All have sinned How does the apostle mean that all have sinned? Theologians have replied, All have sinned in Adam. But no such phrase as sinned in Adam occurs in Scripture. The phrase In Adam all die does occur. This does not mean, however, that any man’s body or person was physically, materially, or morally present, or so incorporated in the body of Adam as to expire with him when he expired. No more was any person present in Adam to eat the forbidden fruit when he ate. Every man dies conceptually in the first mortal man, just as every lion dies in the first mortal lion; that is, by being subjected to death by the law of likeness to the primal progenitor. The first lion was the representative lion, in whose likeness every descended lion would roar, devour, and die; and so in him all the lion race die. Adam, separated by sin from the Holy Spirit, was a naturally disposed sinner, and, shut from the tree of life, a natural mortal; and so by the law of descent his posterity are naturally disposed sinners, and both naturally and penally mortal.

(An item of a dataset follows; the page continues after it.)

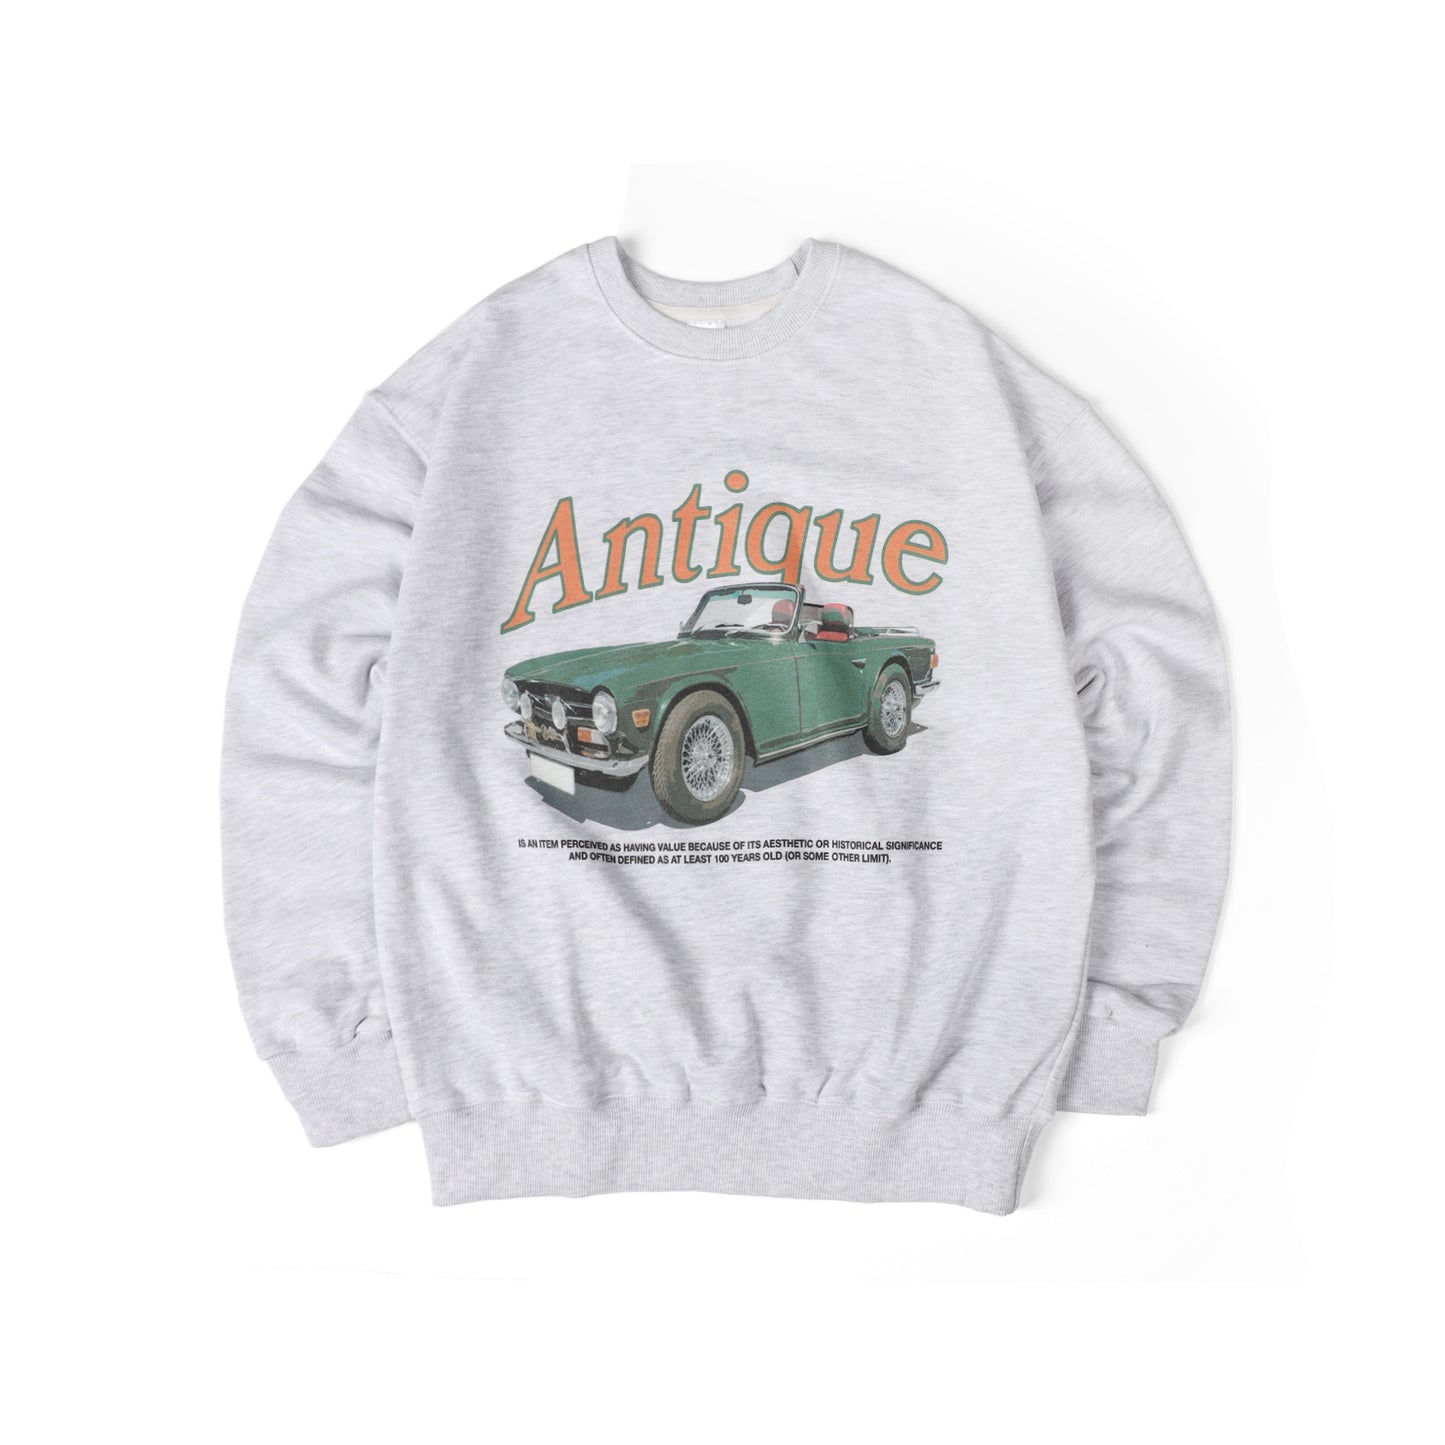 Antique Sweatshirt Designed by JT

But when the apostle declares that all have sinned, he declares not merely the natural disposition, but the actual sinning of all. Our view is this: The aorist or past tense, here used of the word sinned, does in this epistle often imply a general certain fact or state of facts. So it is used in Romans 3:23; Romans 9:22-23; Romans 8:29-30, (where see notes,) where justified and glorified express a uniform general fact in the same tense. And it is so regularly used throughout this very passage, 12-21. Romans 5:15, Hath abounded, essentially means always abounds and always will abound; 17, Death reigned; 21, Sin hath reigned, express permanent, universal facts. The clause all have sinned, therefore, means just the same as all sin thus stating a fact which (allowing for volitional freedom) is as uniform as a law of nature. Now such a uniform law of nature, however generally stated, takes effect only in those circumstances or conditions which allow it possible. Thus “water runs,” that is, such is the nature of water if gravitation permit. “Lead melts,” that is, when the temperature allows. “All men sin” such is their nature when their probation presents itself. Such being their normal action, such must be their permanent nature. And infants are of the same nature, they needing only the possible conditions for actual sinning. The sentence of universal death must stand, therefore, because in the divine view men are by nature universal sinners. Not because they literally sinned in Adam; not because Adam’s personal sin is imputed to them, but because such is their nature that in this scene of probation, hemmed in with temptations on all sides, sooner or later they will sin; and of whatever act a being is the normal, if not absolutely universal, performer, of that he is normally called the doer; if of sin, then a sinner.
The aoristic character of the verbs we have quoted is preserved by the writer’s being considered as assuming his standpoint at the close of the whole series of transactions they express. Standing at the finale of all probationary history, he recognises that all sinned when the lengthened trial came. (For the reconciliation of volitional freedom with this universality of sin see WILL, pp. 338-343.)
In Romans 5:12 the apostle states one side of the comparison, but he does not state the other side until Romans 5:18. What intervenes may be considered logically parenthetic. To obtain the gist of the parallel, Romans 5:12; Romans 5:18 may be read together.
The Adamic side of the comparison the apostle assumes on the admitted authority of Genesis. The purpose of the parallel is, (1.) To show the illustrious place of Christ in the history of our world. (2.) To show that justification by Christ extends beyond mere Judaism, and embraces the race. (3.) To show that the redemption more than repairs the fall.